* [HOW TO COMPLETE THIS TASK]:
The answer must be the full listing, repeated exactly.

----- DATA EXCERPTS

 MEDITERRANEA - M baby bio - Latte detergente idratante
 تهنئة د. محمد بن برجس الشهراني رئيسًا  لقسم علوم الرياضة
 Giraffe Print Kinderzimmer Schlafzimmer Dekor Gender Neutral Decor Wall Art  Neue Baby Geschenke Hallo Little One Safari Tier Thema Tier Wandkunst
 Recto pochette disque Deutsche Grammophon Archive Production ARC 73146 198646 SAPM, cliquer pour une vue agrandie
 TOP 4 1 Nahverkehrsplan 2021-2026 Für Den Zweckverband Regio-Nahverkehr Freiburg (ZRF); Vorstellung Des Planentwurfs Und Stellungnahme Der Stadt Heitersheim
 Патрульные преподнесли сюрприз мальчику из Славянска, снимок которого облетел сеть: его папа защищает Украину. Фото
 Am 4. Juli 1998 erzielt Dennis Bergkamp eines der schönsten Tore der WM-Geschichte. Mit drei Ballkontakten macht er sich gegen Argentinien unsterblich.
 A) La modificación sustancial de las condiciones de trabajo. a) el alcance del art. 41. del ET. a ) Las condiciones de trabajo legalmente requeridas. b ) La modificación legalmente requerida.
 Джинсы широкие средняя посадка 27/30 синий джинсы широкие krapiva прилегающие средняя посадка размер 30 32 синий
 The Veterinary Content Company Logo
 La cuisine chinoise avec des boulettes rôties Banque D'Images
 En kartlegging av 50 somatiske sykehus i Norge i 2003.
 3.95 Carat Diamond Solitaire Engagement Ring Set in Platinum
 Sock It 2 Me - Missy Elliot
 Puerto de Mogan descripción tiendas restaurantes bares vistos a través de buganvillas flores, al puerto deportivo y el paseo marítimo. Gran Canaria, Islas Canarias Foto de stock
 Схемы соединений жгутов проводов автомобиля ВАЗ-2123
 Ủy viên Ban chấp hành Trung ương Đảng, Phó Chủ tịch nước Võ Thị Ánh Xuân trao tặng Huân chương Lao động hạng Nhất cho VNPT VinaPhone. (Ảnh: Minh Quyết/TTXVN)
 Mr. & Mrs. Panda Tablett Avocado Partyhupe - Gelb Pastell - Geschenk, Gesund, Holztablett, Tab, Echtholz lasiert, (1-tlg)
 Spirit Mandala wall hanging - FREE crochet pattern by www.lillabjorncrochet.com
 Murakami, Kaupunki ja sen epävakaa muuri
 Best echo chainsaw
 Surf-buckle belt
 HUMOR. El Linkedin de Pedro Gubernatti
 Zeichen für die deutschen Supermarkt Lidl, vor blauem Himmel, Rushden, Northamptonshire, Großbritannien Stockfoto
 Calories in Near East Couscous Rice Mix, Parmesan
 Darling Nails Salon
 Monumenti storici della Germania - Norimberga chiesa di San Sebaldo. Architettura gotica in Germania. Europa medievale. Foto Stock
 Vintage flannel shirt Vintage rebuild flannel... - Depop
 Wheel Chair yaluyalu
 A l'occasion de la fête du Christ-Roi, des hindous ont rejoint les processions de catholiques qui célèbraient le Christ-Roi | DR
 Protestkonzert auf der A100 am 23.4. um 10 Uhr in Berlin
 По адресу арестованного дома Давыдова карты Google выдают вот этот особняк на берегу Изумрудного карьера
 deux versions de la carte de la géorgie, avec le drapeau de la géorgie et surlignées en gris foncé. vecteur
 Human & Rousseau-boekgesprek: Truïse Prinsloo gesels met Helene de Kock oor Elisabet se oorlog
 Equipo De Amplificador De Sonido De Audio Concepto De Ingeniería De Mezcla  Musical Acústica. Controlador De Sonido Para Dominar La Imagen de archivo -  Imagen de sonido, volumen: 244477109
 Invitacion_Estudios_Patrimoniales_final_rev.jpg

----------

* [YOUR RESPONSE]:
 MEDITERRANEA - M baby bio - Latte detergente idratante
 تهنئة د. محمد بن برجس الشهراني رئيسًا  لقسم علوم الرياضة
 Giraffe Print Kinderzimmer Schlafzimmer Dekor Gender Neutral Decor Wall Art  Neue Baby Geschenke Hallo Little One Safari Tier Thema Tier Wandkunst
 Recto pochette disque Deutsche Grammophon Archive Production ARC 73146 198646 SAPM, cliquer pour une vue agrandie
 TOP 4 1 Nahverkehrsplan 2021-2026 Für Den Zweckverband Regio-Nahverkehr Freiburg (ZRF); Vorstellung Des Planentwurfs Und Stellungnahme Der Stadt Heitersheim
 Патрульные преподнесли сюрприз мальчику из Славянска, снимок которого облетел сеть: его папа защищает Украину. Фото
 Am 4. Juli 1998 erzielt Dennis Bergkamp eines der schönsten Tore der WM-Geschichte. Mit drei Ballkontakten macht er sich gegen Argentinien unsterblich.
 A) La modificación sustancial de las condiciones de trabajo. a) el alcance del art. 41. del ET. a ) Las condiciones de trabajo legalmente requeridas. b ) La modificación legalmente requerida.
 Джинсы широкие средняя посадка 27/30 синий джинсы широкие krapiva прилегающие средняя посадка размер 30 32 синий
 The Veterinary Content Company Logo
 La cuisine chinoise avec des boulettes rôties Banque D'Images
 En kartlegging av 50 somatiske sykehus i Norge i 2003.
 3.95 Carat Diamond Solitaire Engagement Ring Set in Platinum
 Sock It 2 Me - Missy Elliot
 Puerto de Mogan descripción tiendas restaurantes bares vistos a través de buganvillas flores, al puerto deportivo y el paseo marítimo. Gran Canaria, Islas Canarias Foto de stock
 Схемы соединений жгутов проводов автомобиля ВАЗ-2123
 Ủy viên Ban chấp hành Trung ương Đảng, Phó Chủ tịch nước Võ Thị Ánh Xuân trao tặng Huân chương Lao động hạng Nhất cho VNPT VinaPhone. (Ảnh: Minh Quyết/TTXVN)
 Mr. & Mrs. Panda Tablett Avocado Partyhupe - Gelb Pastell - Geschenk, Gesund, Holztablett, Tab, Echtholz lasiert, (1-tlg)
 Spirit Mandala wall hanging - FREE crochet pattern by www.lillabjorncrochet.com
 Murakami, Kaupunki ja sen epävakaa muuri
 Best echo chainsaw
 Surf-buckle belt
 HUMOR. El Linkedin de Pedro Gubernatti
 Zeichen für die deutschen Supermarkt Lidl, vor blauem Himmel, Rushden, Northamptonshire, Großbritannien Stockfoto
 Calories in Near East Couscous Rice Mix, Parmesan
 Darling Nails Salon
 Monumenti storici della Germania - Norimberga chiesa di San Sebaldo. Architettura gotica in Germania. Europa medievale. Foto Stock
 Vintage flannel shirt Vintage rebuild flannel... - Depop
 Wheel Chair yaluyalu
 A l'occasion de la fête du Christ-Roi, des hindous ont rejoint les processions de catholiques qui célèbraient le Christ-Roi | DR
 Protestkonzert auf der A100 am 23.4. um 10 Uhr in Berlin
 По адресу арестованного дома Давыдова карты Google выдают вот этот особняк на берегу Изумрудного карьера
 deux versions de la carte de la géorgie, avec le drapeau de la géorgie et surlignées en gris foncé. vecteur
 Human & Rousseau-boekgesprek: Truïse Prinsloo gesels met Helene de Kock oor Elisabet se oorlog
 Equipo De Amplificador De Sonido De Audio Concepto De Ingeniería De Mezcla  Musical Acústica. Controlador De Sonido Para Dominar La Imagen de archivo -  Imagen de sonido, volumen: 244477109
 Invitacion_Estudios_Patrimoniales_final_rev.jpg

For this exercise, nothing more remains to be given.